So go ahead and store state of your whole document after each click.
Or maybe even commit it to repo ... how should I care?

> As an example, in Photoshop, Adobe has abandoned the chain reversible operations in favor of value oriented design.

Who is there in Adobe? I know no one from it. Perhaps all the decent
engineers who made it what it is have been eaten out. If whatever
is left of it decides to rewrite their Acrobat in F# then should
we follow?

> I'd recommend watching Sean Parent's talks such as this one: https://www.youtube.com/watch?v=QGcVXgEVMJg.

Scrolled a bit into that video. First he pushed
rawly newed pointer to document then said that it is wrong and used
the most dork tool std::make_shared! I stopped right there. Had it
been std::make_unique I would had guessed that poor kid hasn't tried
polycollections like you. But snake oil salesmen start from such
clear idiocies for to ensure that by minute 7 everybody with at least
half a brain are left away and only total morons remain.

Do not post anymore YouTube crap. Watching such TV and movies is
perhaps good entertainment for retarded and illiterate.

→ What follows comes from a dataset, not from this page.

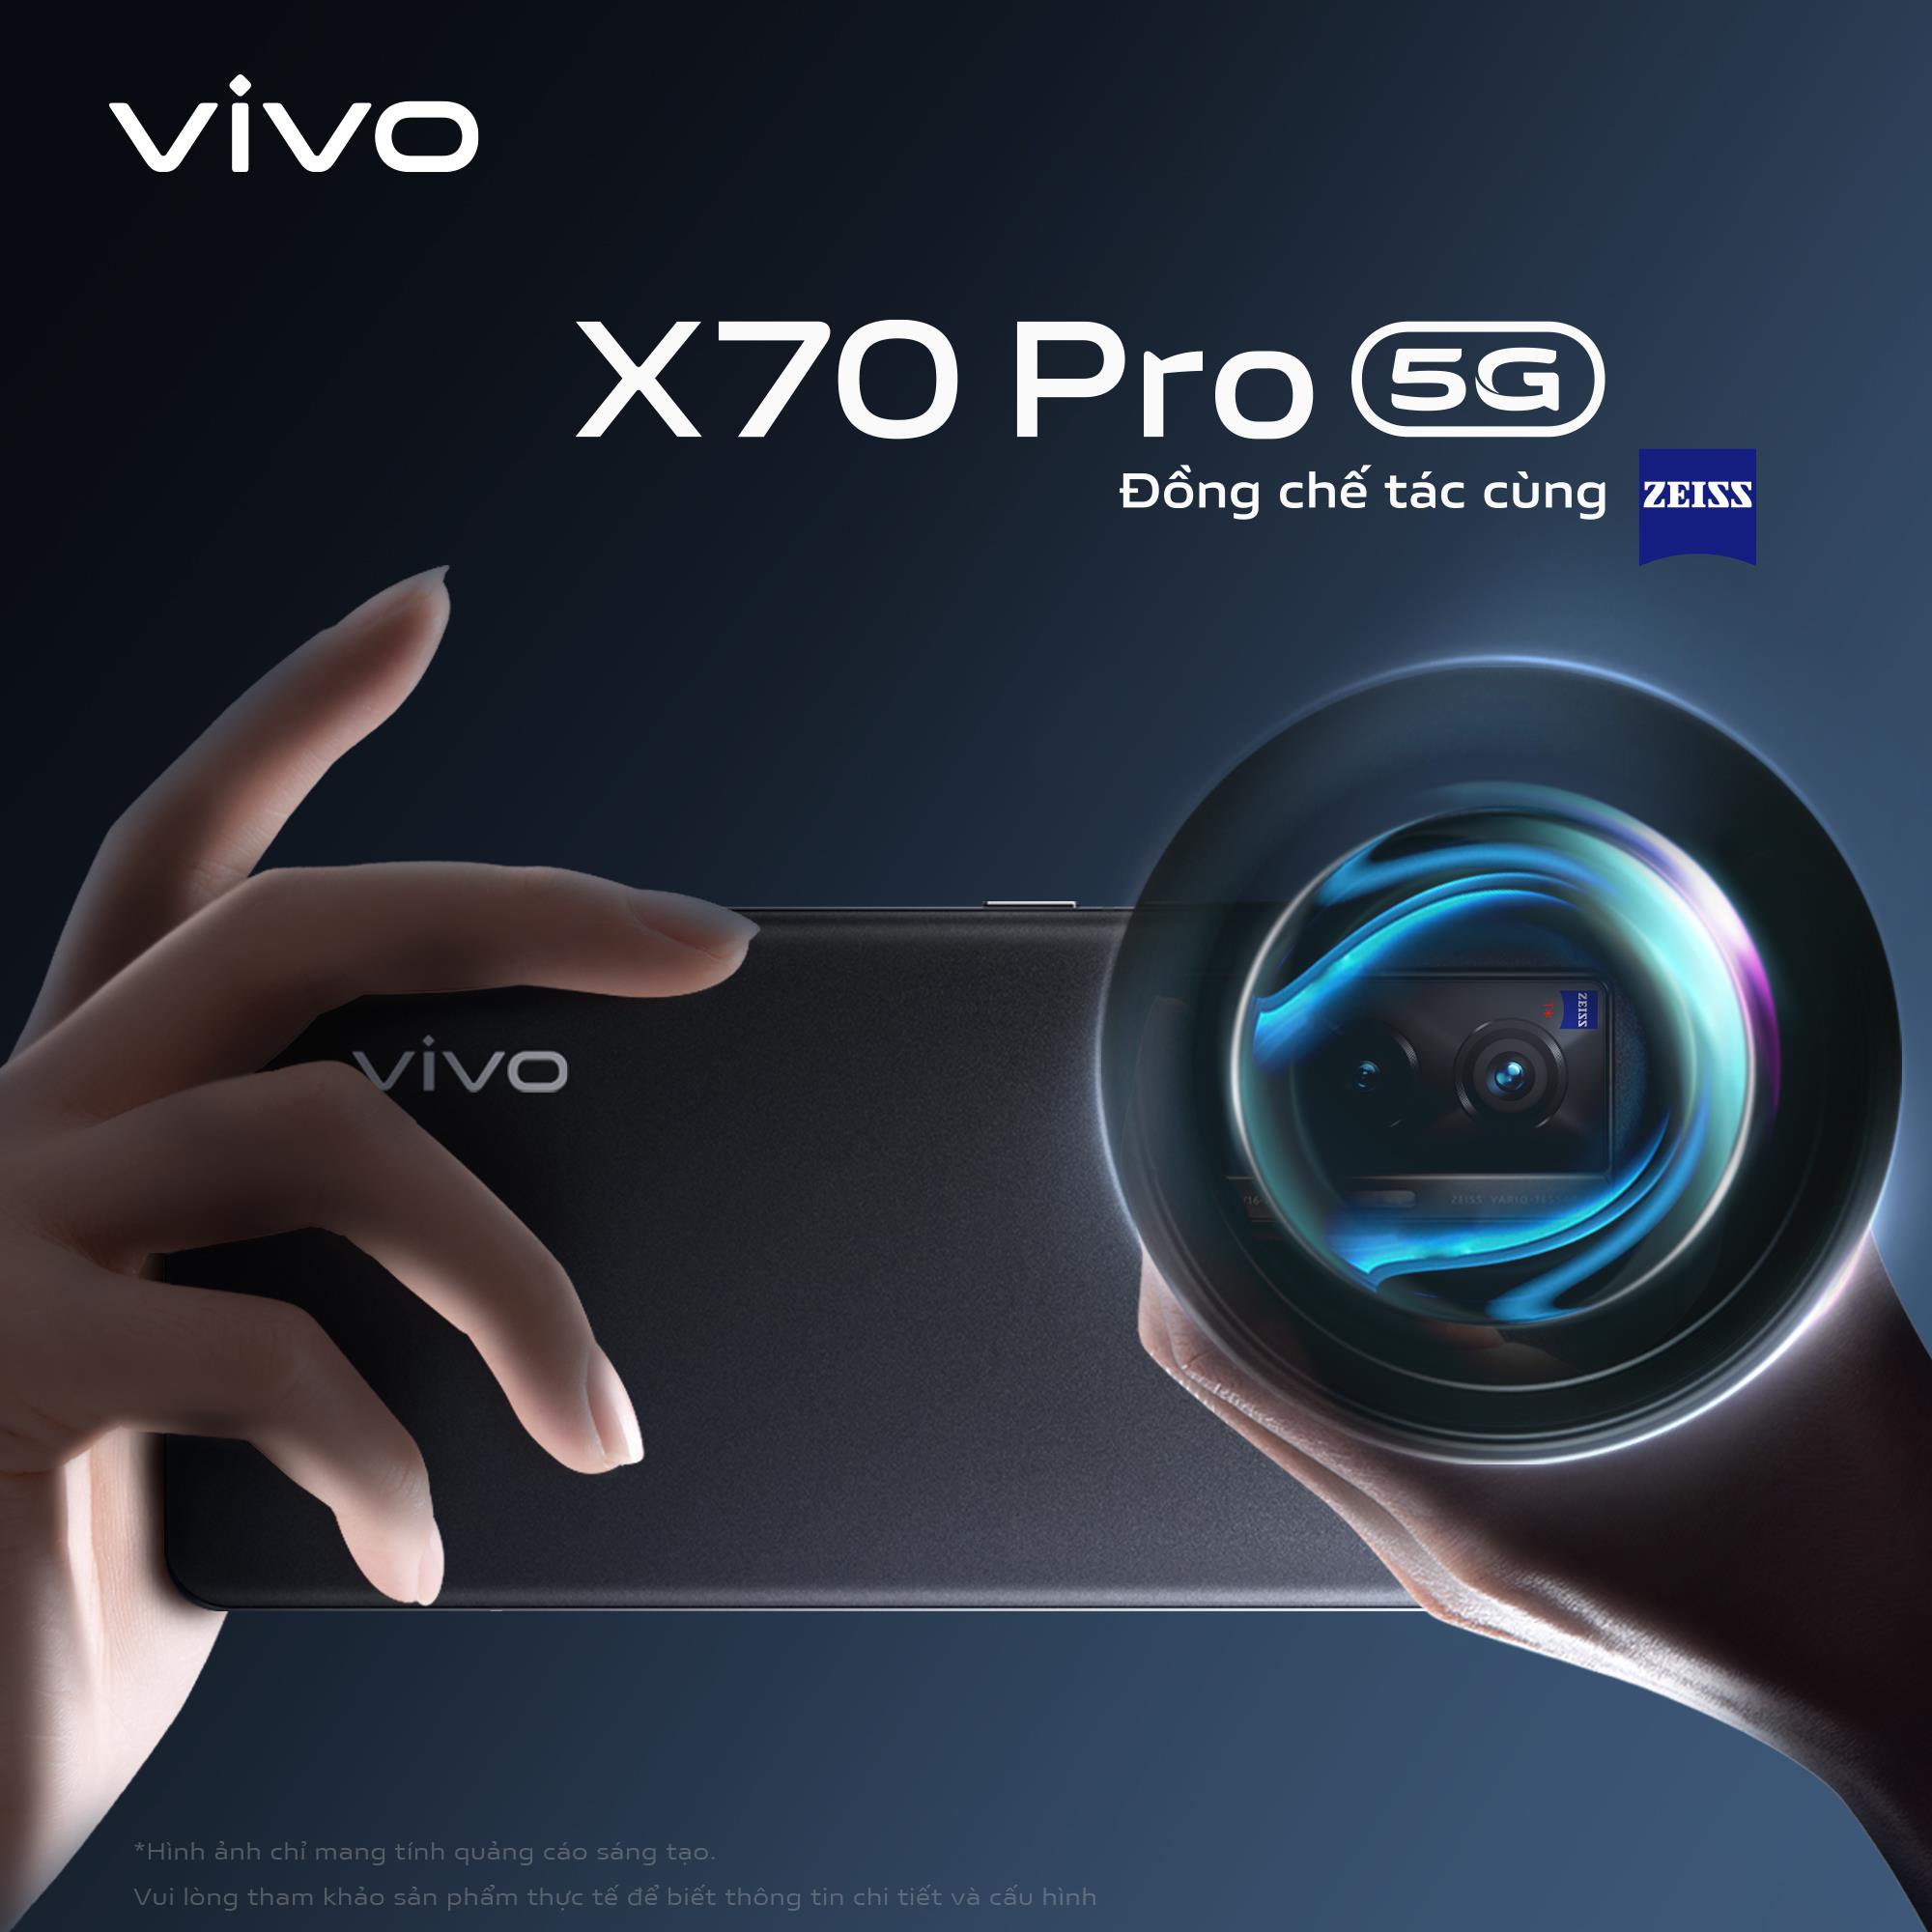 Những cách tân của vivo X80 series nhằm nâng cao trải nghiệm hình ảnh người dùng - Ảnh 3.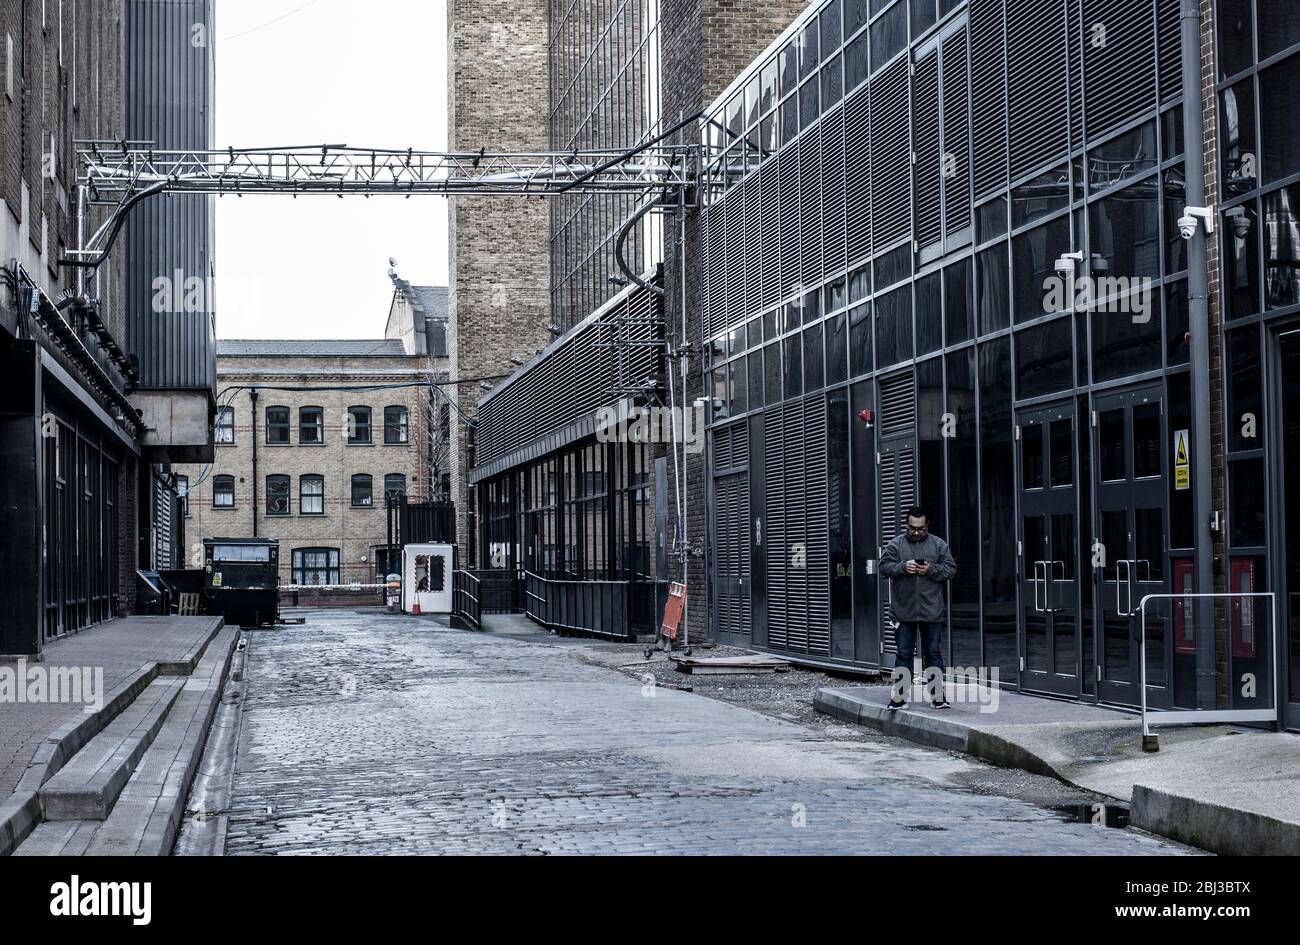 Ein Mann in grauer Kleidung steht einsam inmitten eines Industrieanwesens in East London, wo die Gebäude die gleichen Farben wie seine Kleidung haben. Stockfoto

> > If you know of a way that flatbuffers makes that easier, that would be good to know. I couldn't find anything searching around.
> >
> > Flatbuffers? Huh? But it generates all code for you? All for
> > needed for storing your data into buffer or reading it back from
> > it. Bit verbose interface for my taste but clear enough. Have you
> > at least tried the tutorials of it or something?
> > Very confusing.
>
> I've used flatbuffers extensively at this point.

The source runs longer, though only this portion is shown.